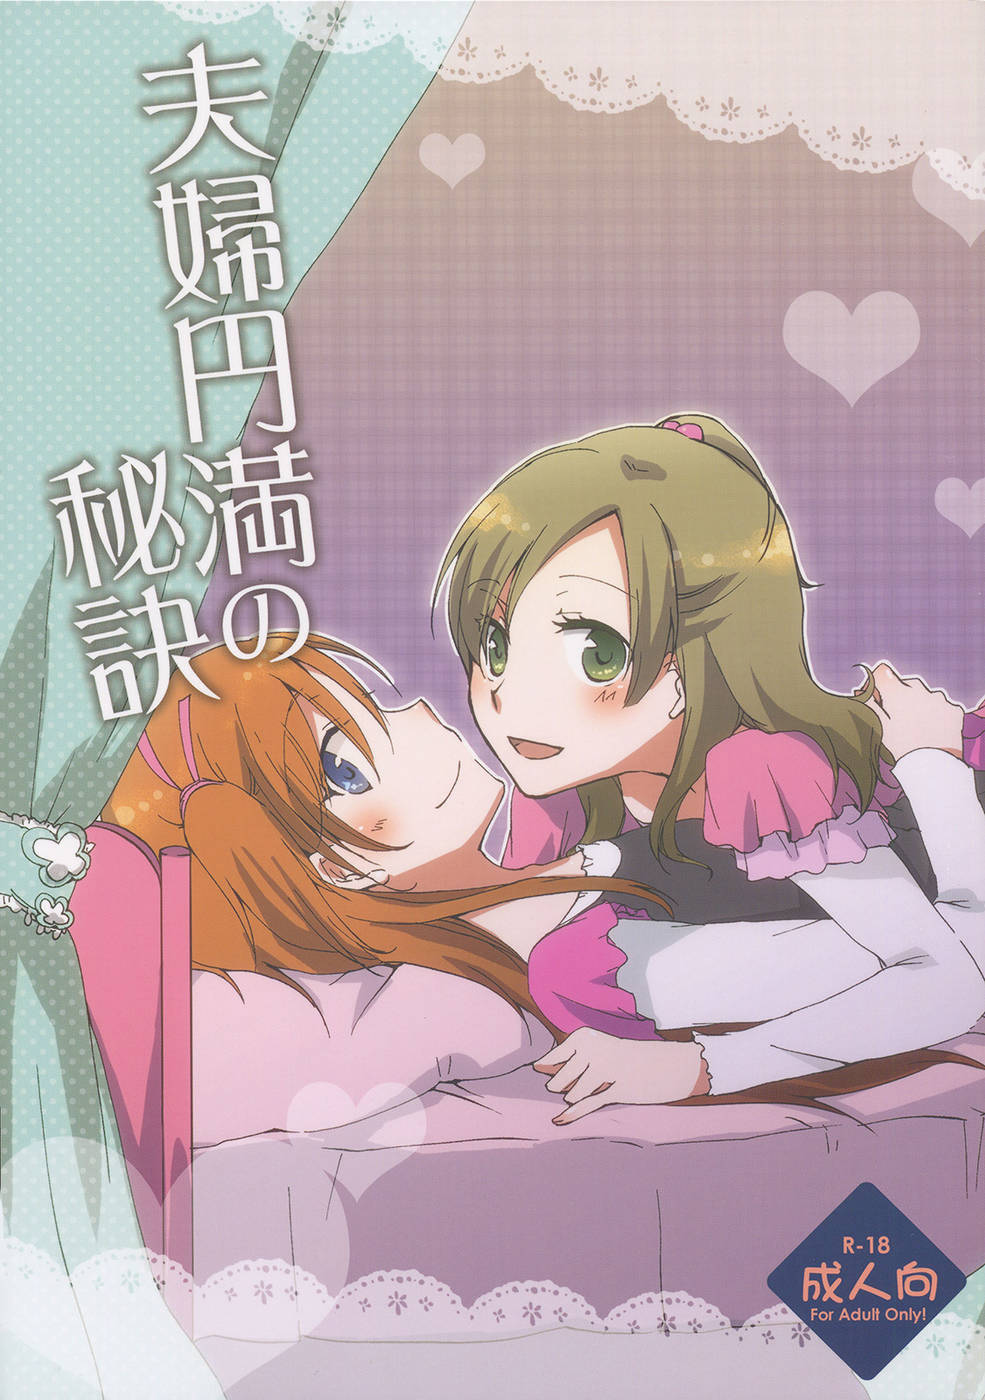 The Secret to a Happy Marriage by Niratama A Precure yuri doujin that contains small
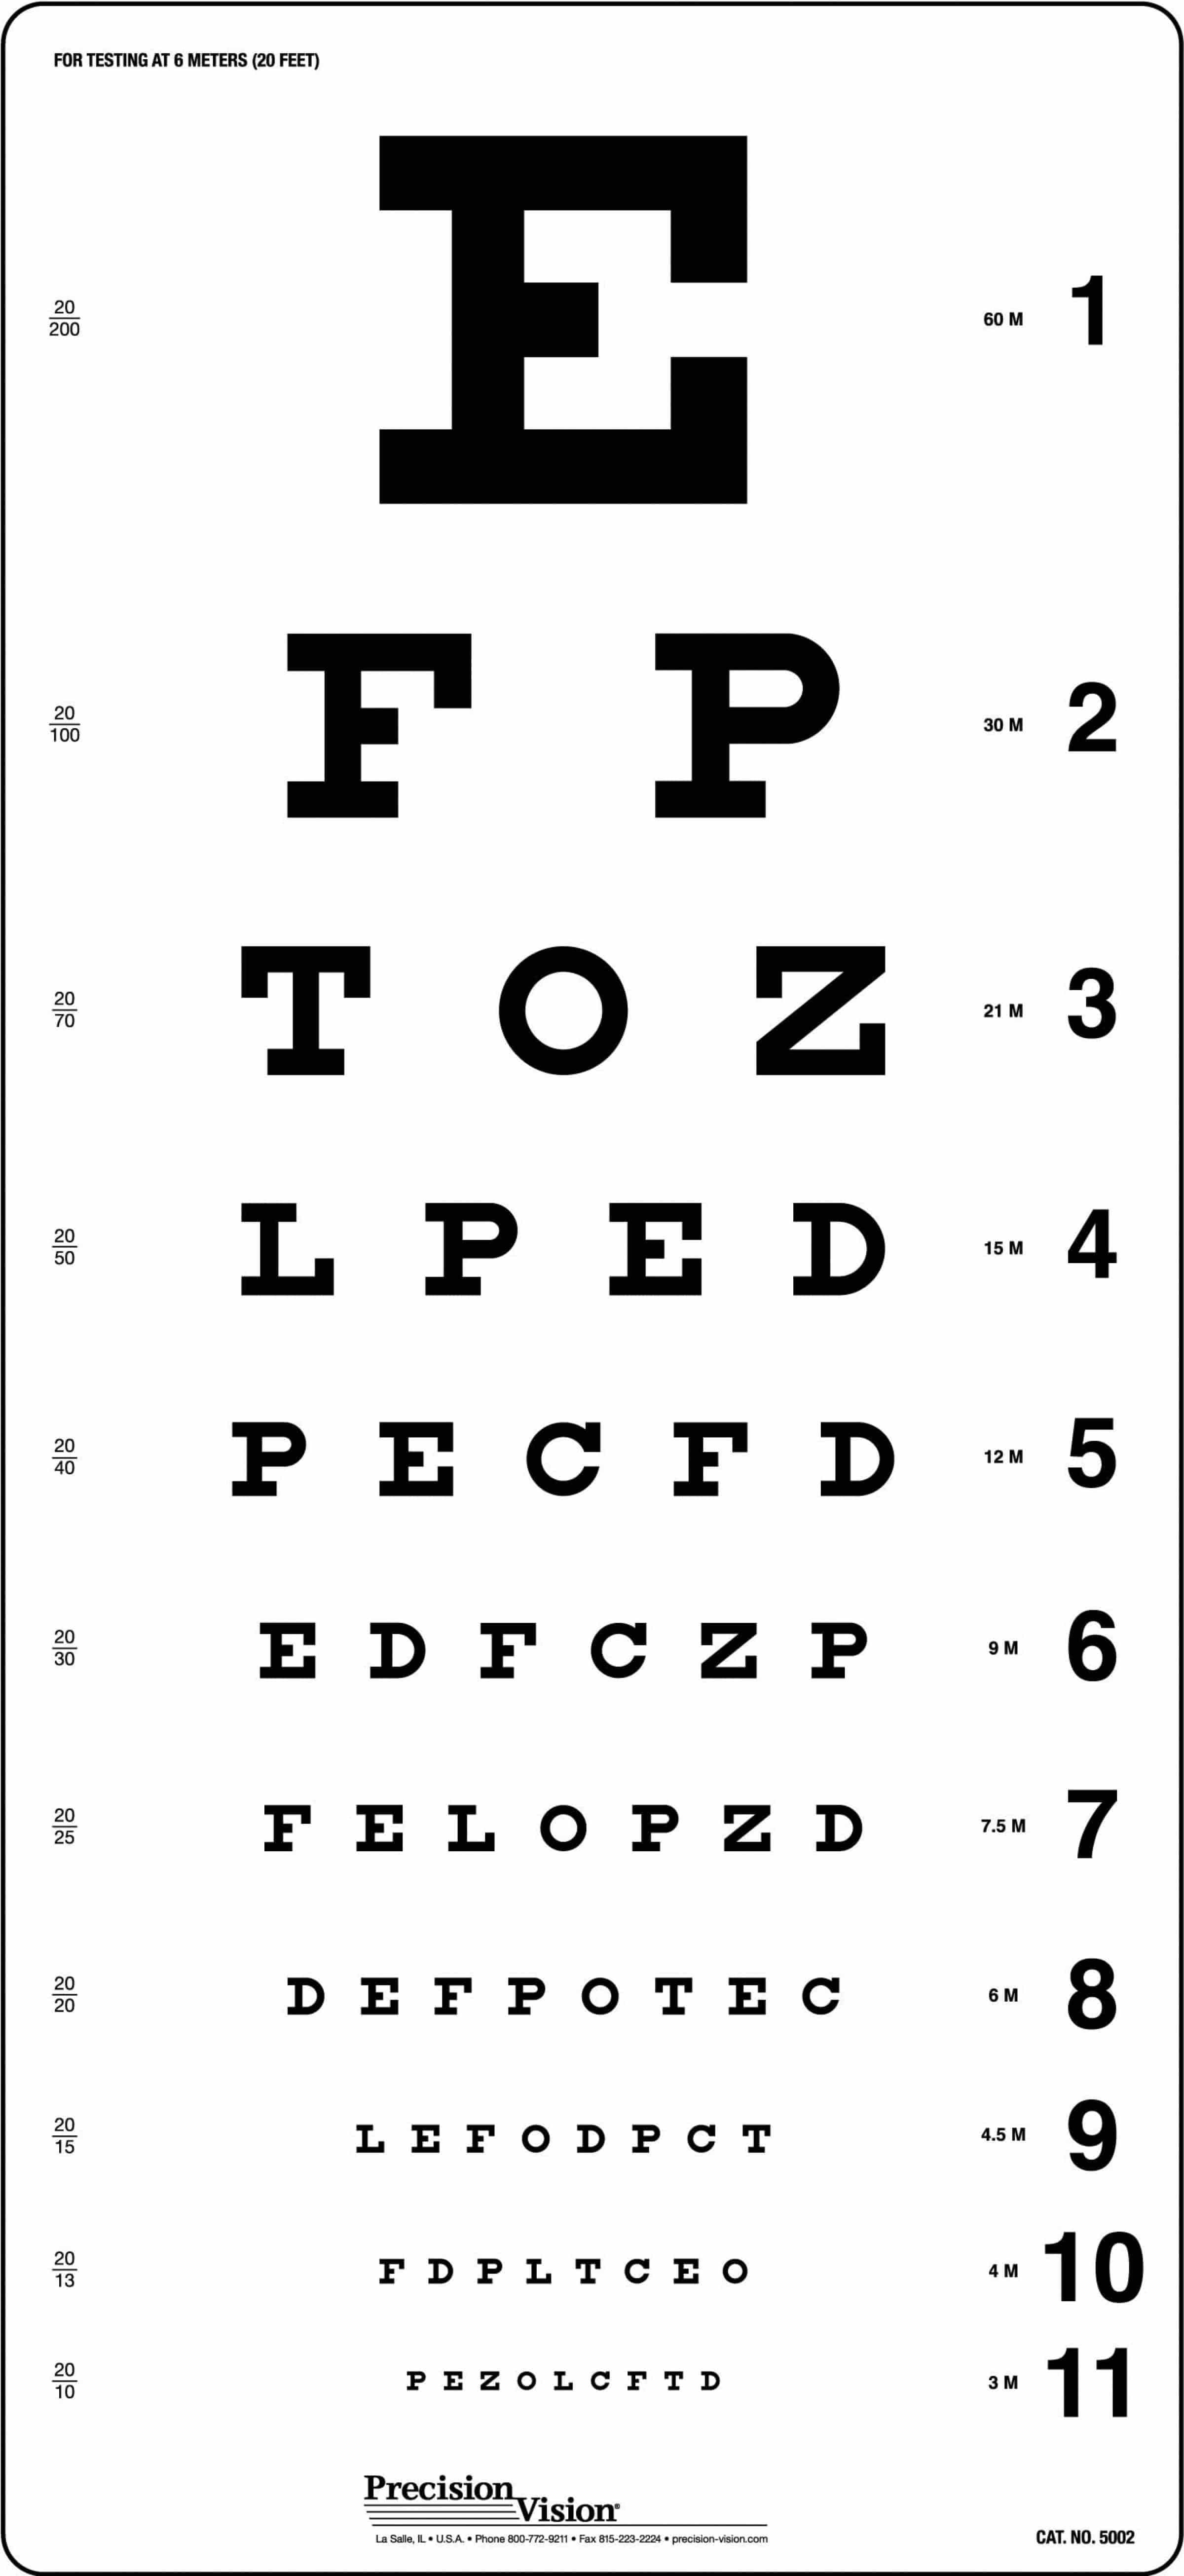 Traditional Snellen Eye Chart - Precision Vision
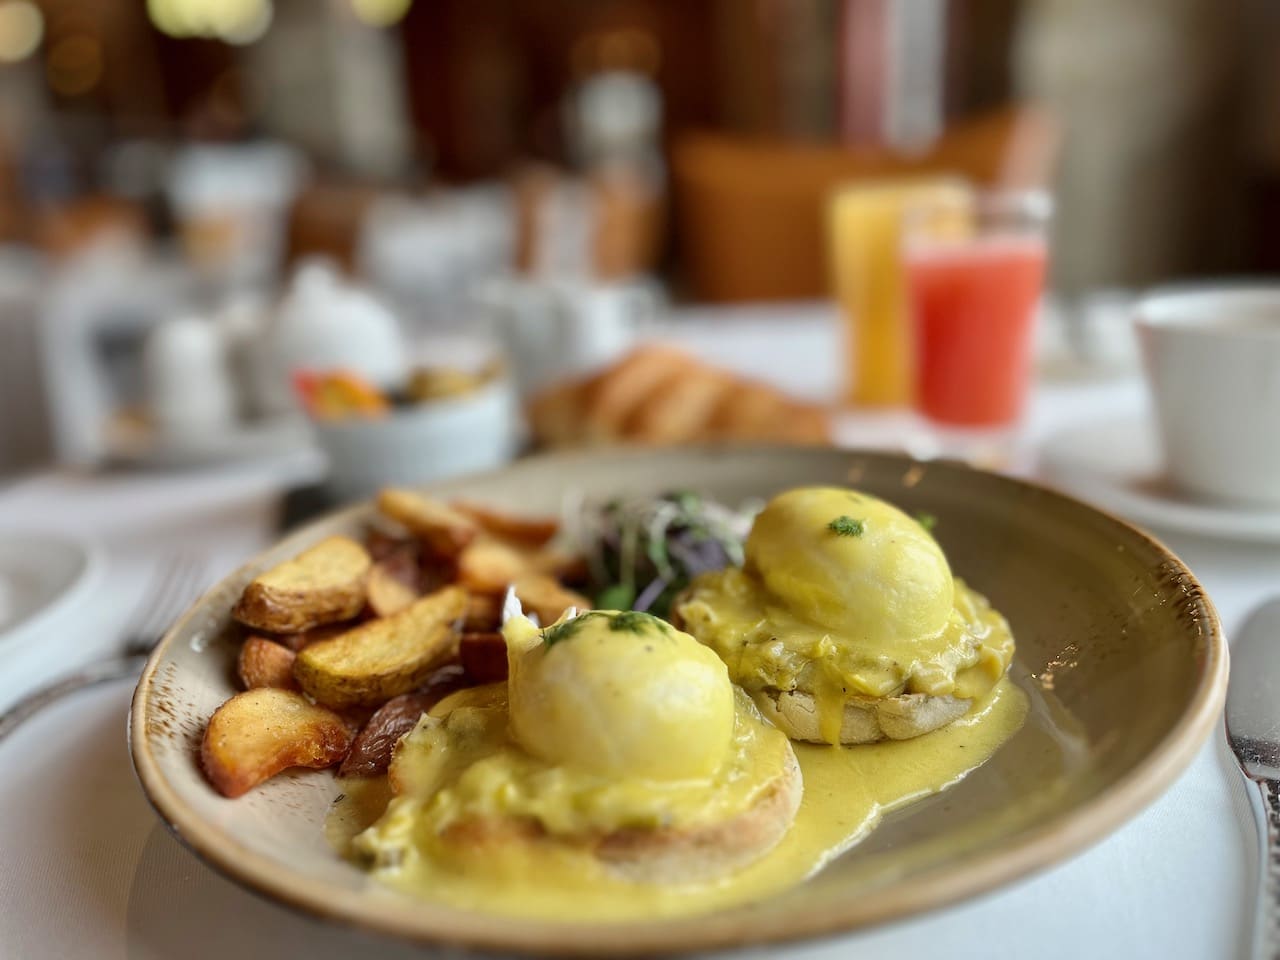 Tuck into some Eggs Benny with leeks and Oka cheese for breakfast at Hôtel Quintessence.

## WHAT TO DO
With the images removed, write out all of the material above exactly.

## EXERCISE ANSWER
 The Secret to a Happy Marriage by Niratama A Precure yuri doujin that contains small
 Traditional Snellen Eye Chart - Precision Vision
 Tuck into some Eggs Benny with leeks and Oka cheese for breakfast at Hôtel Quintessence.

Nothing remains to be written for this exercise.